The “trade show deadline” that got the second version of the bike out the door was Expo 86, an event that was unexpectedly pivotal in my life. Significant friendships began here, and when it was over Maggie and I headed for Bainbridge Island to spend a month working on the systems before pedaling down the West Coast. This article in The Province (Vancouver BC) gives a glimpse of the bike during that crazy week. Below is a second article, which appeared on the same day in the Vancouver Sun

Now that’s travel writing

by Don Hauka
The Province 
August 26, 1986

Steve Roberts is a paperback rider.

The 33-year-old writer wanted to work while he travelled. The result was the Winnebiko 2 — a crazy cross between a bicycle and a word processor.

The keyboard is on the handlebars and the screen is in the control panel at the front of the 36-speed bike. While some of his fingers handle the steering, the others type away as he breezes down the highway.

“It’s an electronic cottage on wheels,” said Roberts, who makes Columbus, Ohio, his home when he’s not wheeling from one side of the continent to the other. “It’s like a human-powered RV.”

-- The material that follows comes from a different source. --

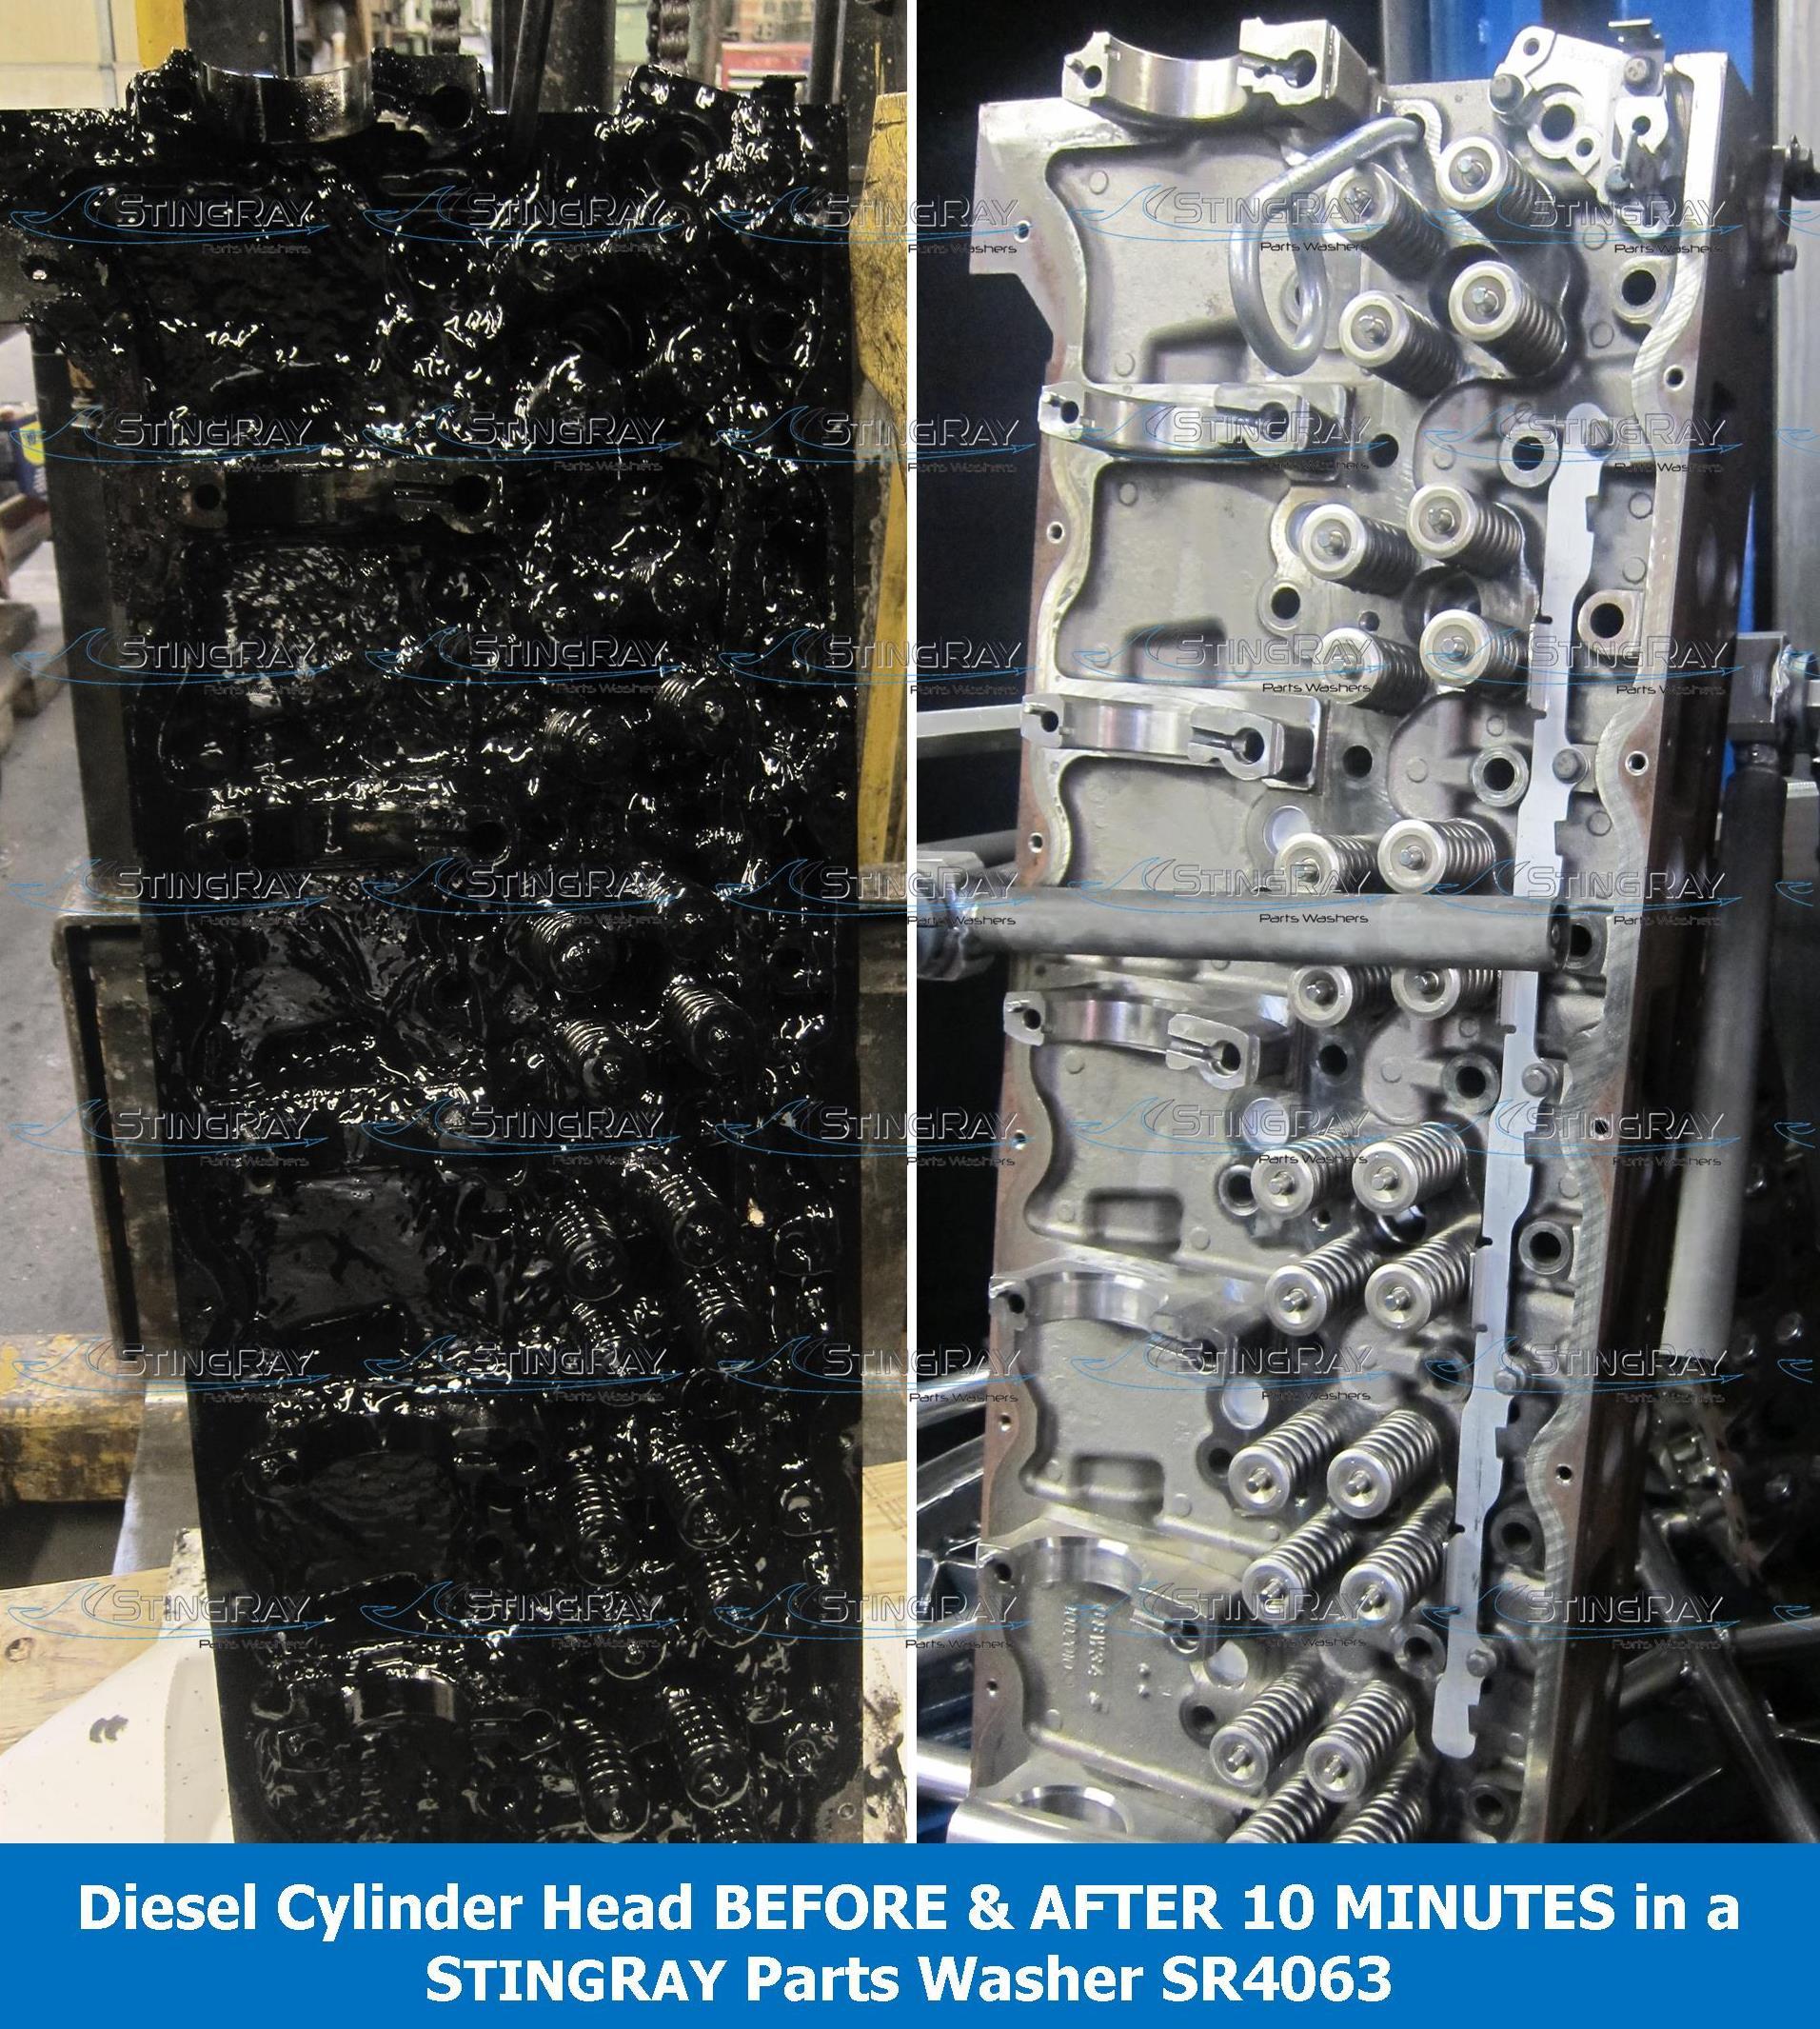 Stingray Parts Washer Aqueous Transmission Parts Washer

Roberts is just one of 500 enthusiasts and inventors who have descended on Expo for the specialized period on Human Powered Transportation, which runs until Sunday. Bikes, boats, and even human-powered air planes are taking part in more than 40 different events over the next week.

The Winnebiko 2 is the result of Roberts’ passion for the road and writing. The vehicle has a ham radio, a telephone, modems for computer and satellite hook ups, and a built-in alarm system, all solar-powered.

And it can even talk.

“I’ve got a voice modulator so the bike can explain itself and I don’t have to answer the same questions all the time,” said Roberts.

Roberts keeps his eyes on the road and hasn’t had any trouble while rolling some 15,700 kilometres from Columbus through the southern US and up to San Francisco. In that time he’s written two books and thousands of magazine articles on everything from computers to life on the road.

The self-taught high-tech genius packed in a computer consulting firm because “making a business out of my hobby was ruining the fun.”

Now he’s getting ready to embark on his next voyage of discovery, from Vancouver to Columbus via the Rockies and the eastern seaboard. “By that time. I’ll have built Winnebiko 3,” he laughed.